その時、飛びかかってくる“煌珊瑚”(恐らくだが)の姿を確認する。この距離で反応できれば時間はある。迎撃を試みようと足を踏み出すが、そこで思いがけない事が起こる。アオイはその不運に叫び、舌打ちするしかなかった。
「!?・・・・・・何!?」
踏み出す足が沈み込み、視界もそれに次いで急速に下がる。何とか上半身を前に倒し、完全に埋没するのは避けたが、向かってくる敵の回避が間に合わない。恐らくは窪んだ地形に溜まった新雪に運悪く足を踏み入れてしまったのだろうが
―― あまりにタイミングが悪過ぎる。今までの幸運の反動かと絶望しかけたが、まだ運は尽きてはいないようだった。
――
向かってくる相手の眼光と、身動きの取れない自機の中間にあるもの ―― 自ら投棄したアーマーのさらに一点に、それはあった。やや扁平気味な大型のタンク ――
何を考える余裕もなく、ただ必死に右手をそちらへ向け、弾倉に残った全ての弾丸を一時に送り込む。次々とタンクの表面にめり込む高速弾。
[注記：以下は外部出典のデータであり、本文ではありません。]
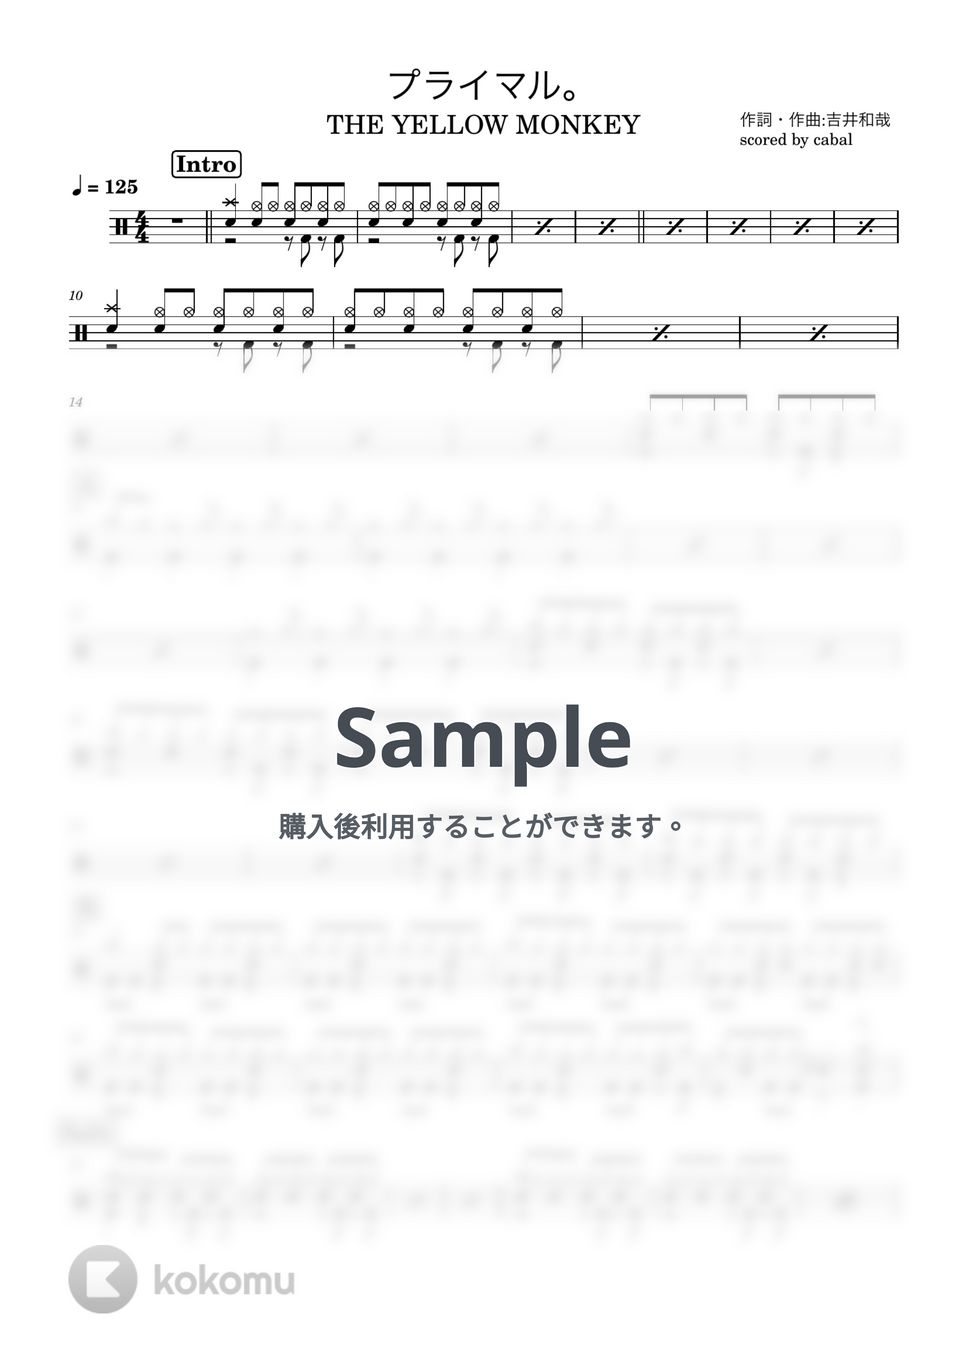 THE YELLOW MONKEY - プライマル。 (ドラム譜面) by cabal

今すぐには動けないと知りながらもブースタを噴射、後退を試みる。閉鎖空間での使用によって雪は溶けるが被熱も半端ではなかった。が
――
次には、それに倍する熱波が周囲を焼いていた。
外装が砕け散り、飛び出し、燃え盛るタンク内液は横に転がるもう一本のタンクをも巻き込み、煉獄の炎を形成した。これで敵も進行を阻まれた筈だ。さらにその熱風に雪が溶かされ、機体が自由になる。すぐさま後方へ飛び、巻き起こる陽炎を裂き、次に来たるさらなる熱波から逃れる。舞い散り霙の如くなって落ちる白雪が眼に重い。その二相系の向こうに見たのは、彼女の機体、そして吹き飛ばされ、尚も燃えるアーマーの残骸だった。
このことで撒き散らされていたノイズは一瞬にして収束され、レーダーも元の状態に復帰する。何となく感じられていた肉体への圧迫間からも解放された感じがあった。
『
――
なかなか、やるわね・・・・・・あの時以上、かしら』
戦闘を開始して以来、初めて彼女が話しかけてくる。だが、その声色は複雑極まる感情に裏打ちされ、揺れ動いているかのようだった。
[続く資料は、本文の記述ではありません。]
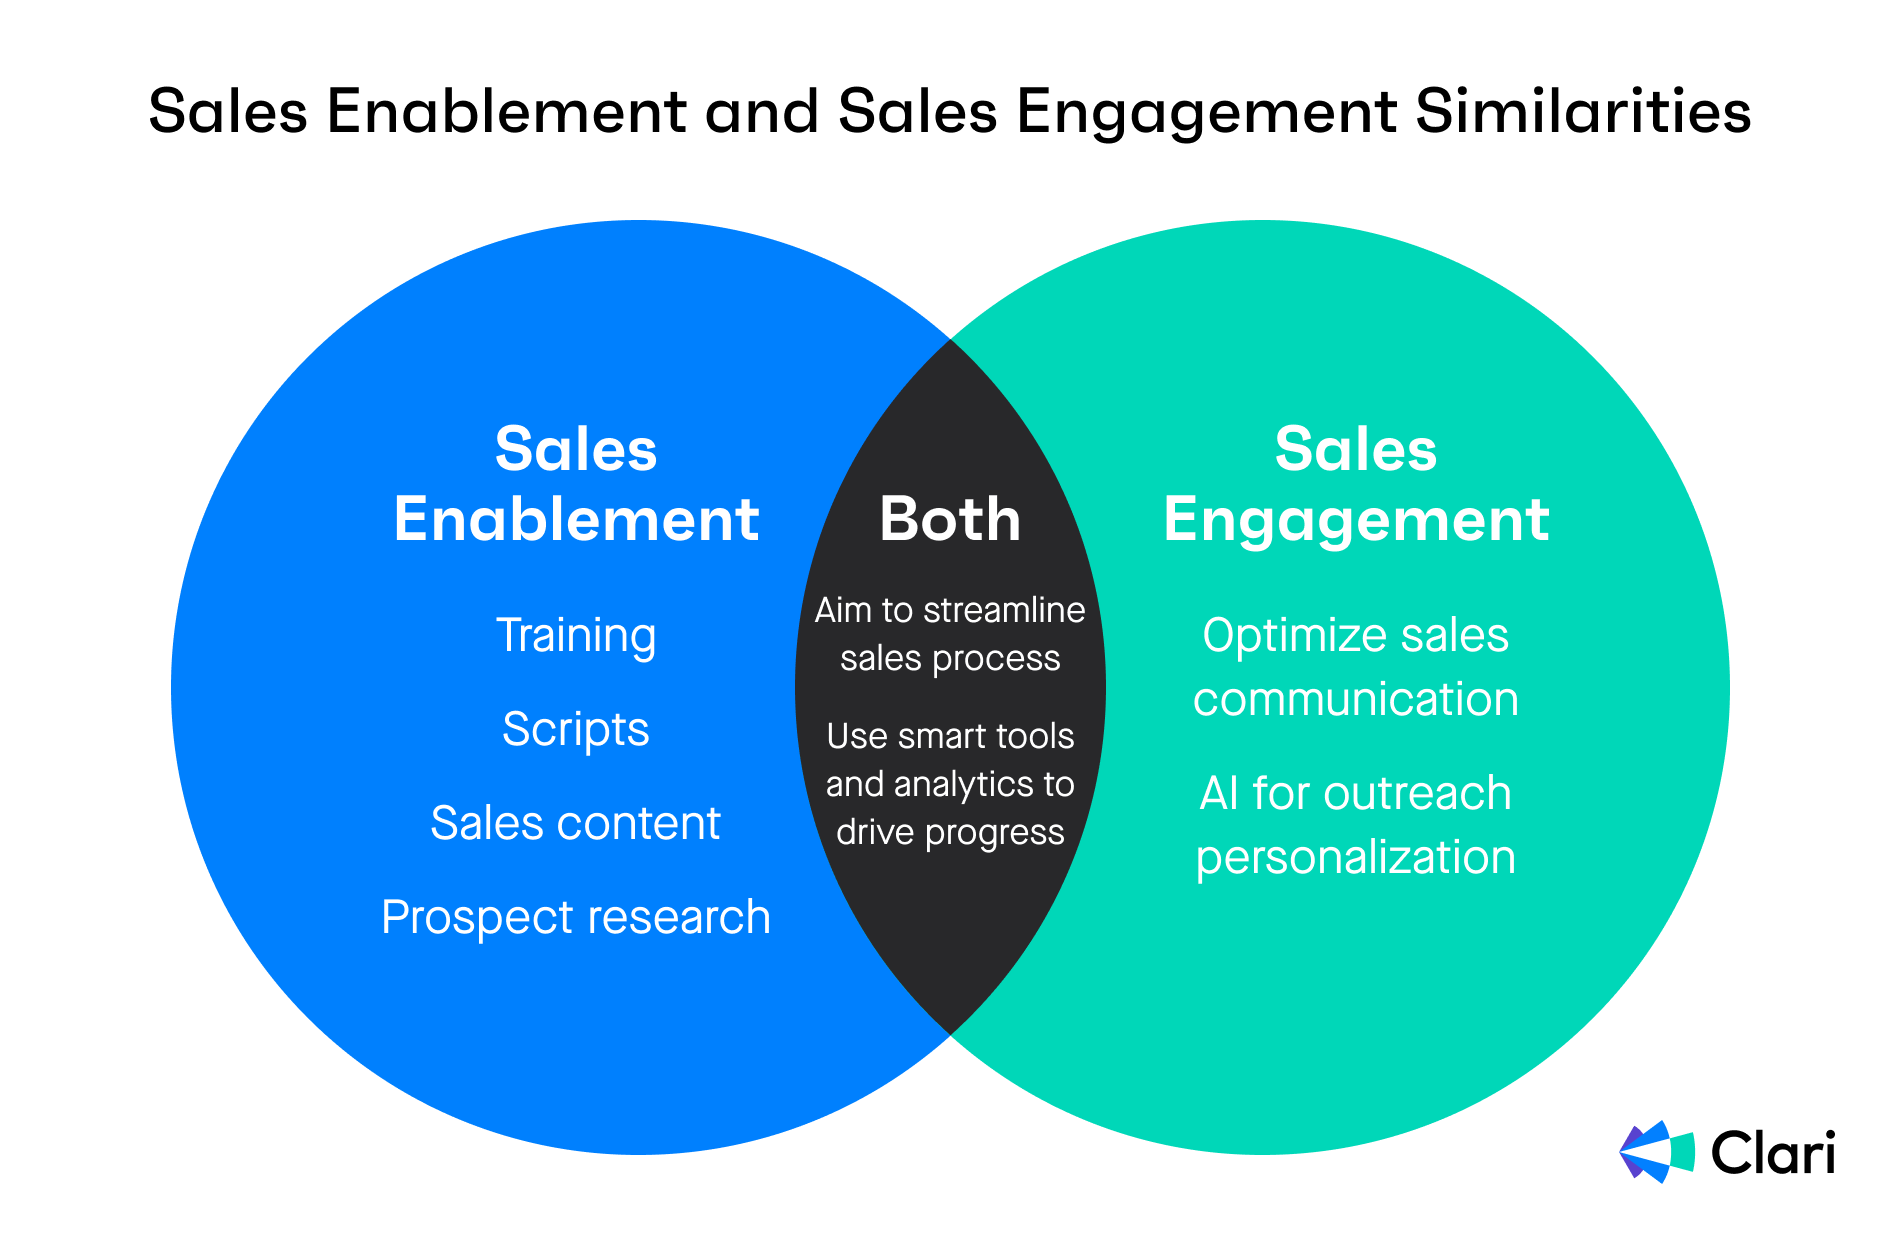 Venn diagram showing similarities between sales enablement and engagement

「お前こそ、“あの時”は本気じゃなかったのだな・・・・・・」
弾倉を交換しつつ言うと、次の衝突に備え気持ちの準備を整える。先程より、僅かではあるが吹雪が弱まり、目視できる範囲が拡大していた。強烈なノイズの心的、肉体的圧迫から解放された感もあってのことだろうか。
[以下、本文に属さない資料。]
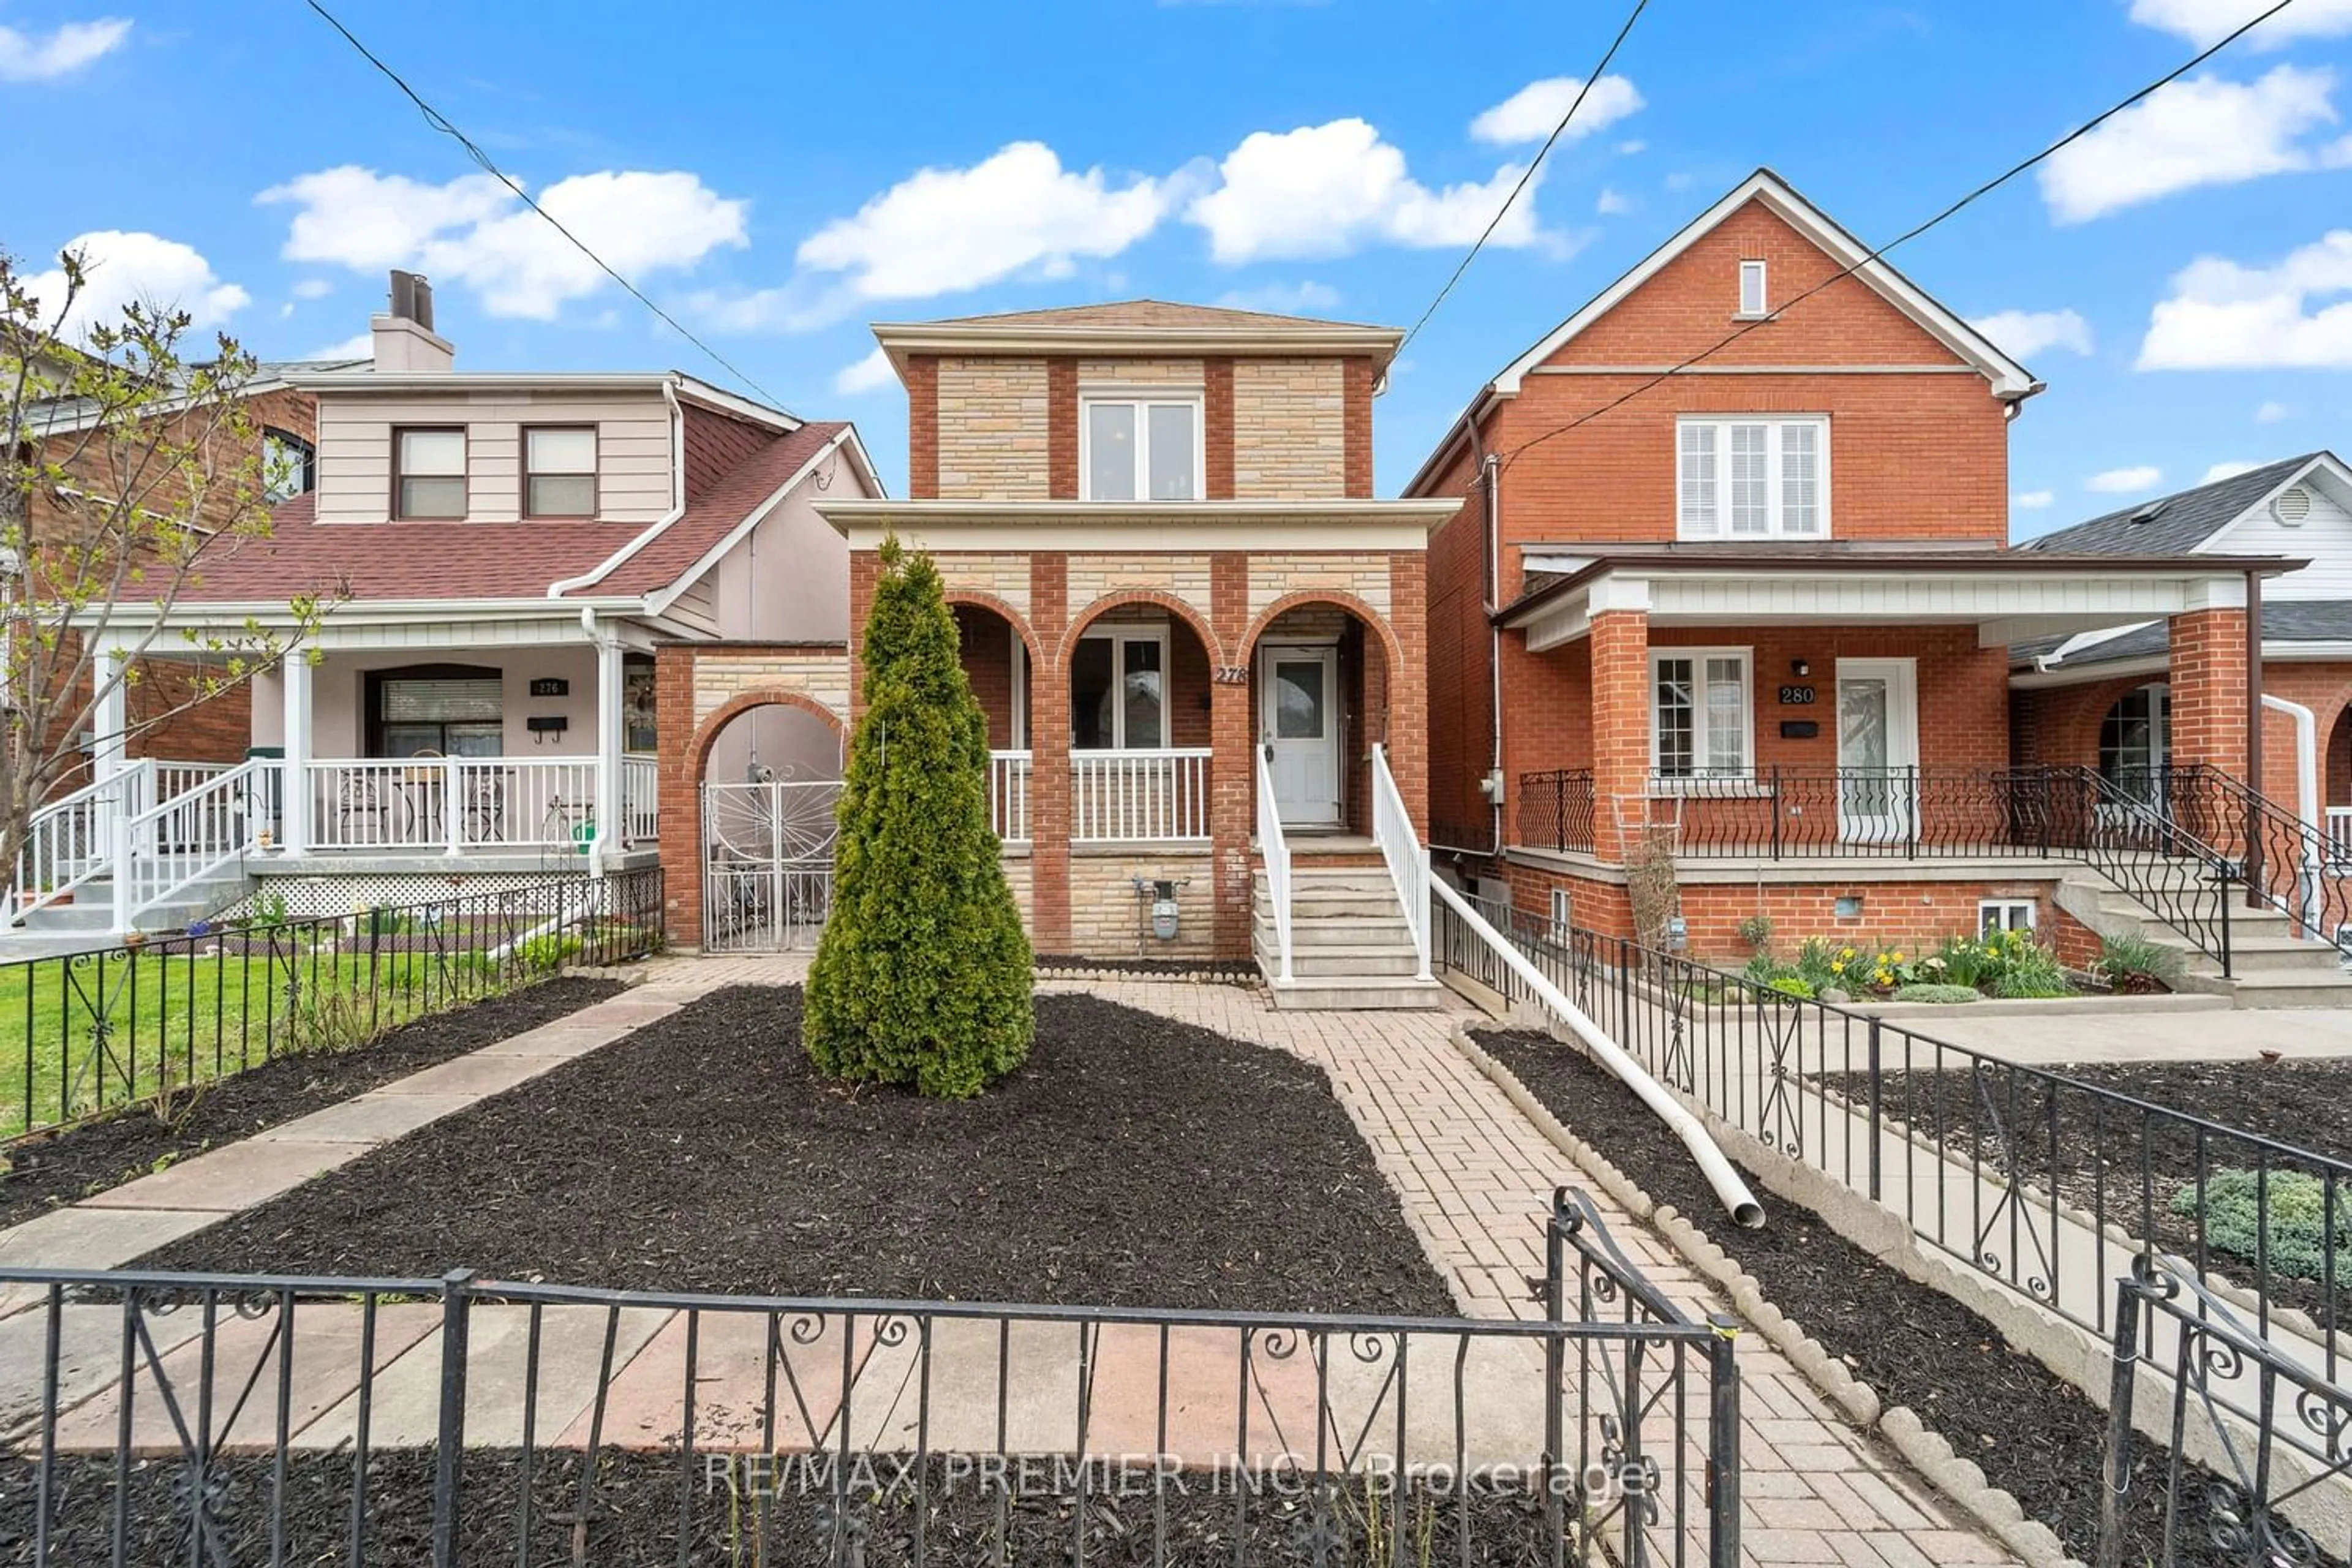 Home with brick exterior material for 278 Mcroberts Ave, Toronto Ontario M6E 4P3

それを話す間にも既に炎は大量の水を蒸発させ、内液を貪り尽くし、消えかけている。そしてその残り火も、即席に自ら作り出した氷水の流れに攫われ、遂に立ち消えた。
豪風を切り、彼女の機体
――
その持つ刃が迫ってくる。張られたスクリーンとの激突にその表面が波打ち、叩きつけるようにして刃をいなす。スクリーン展開時の腕部異常温度上昇は調整により幾分軽くなっていた。ただ、他のブレード以外の機能は自ら半封印としていたが。結局大した改善を見るには至らなかったからだ。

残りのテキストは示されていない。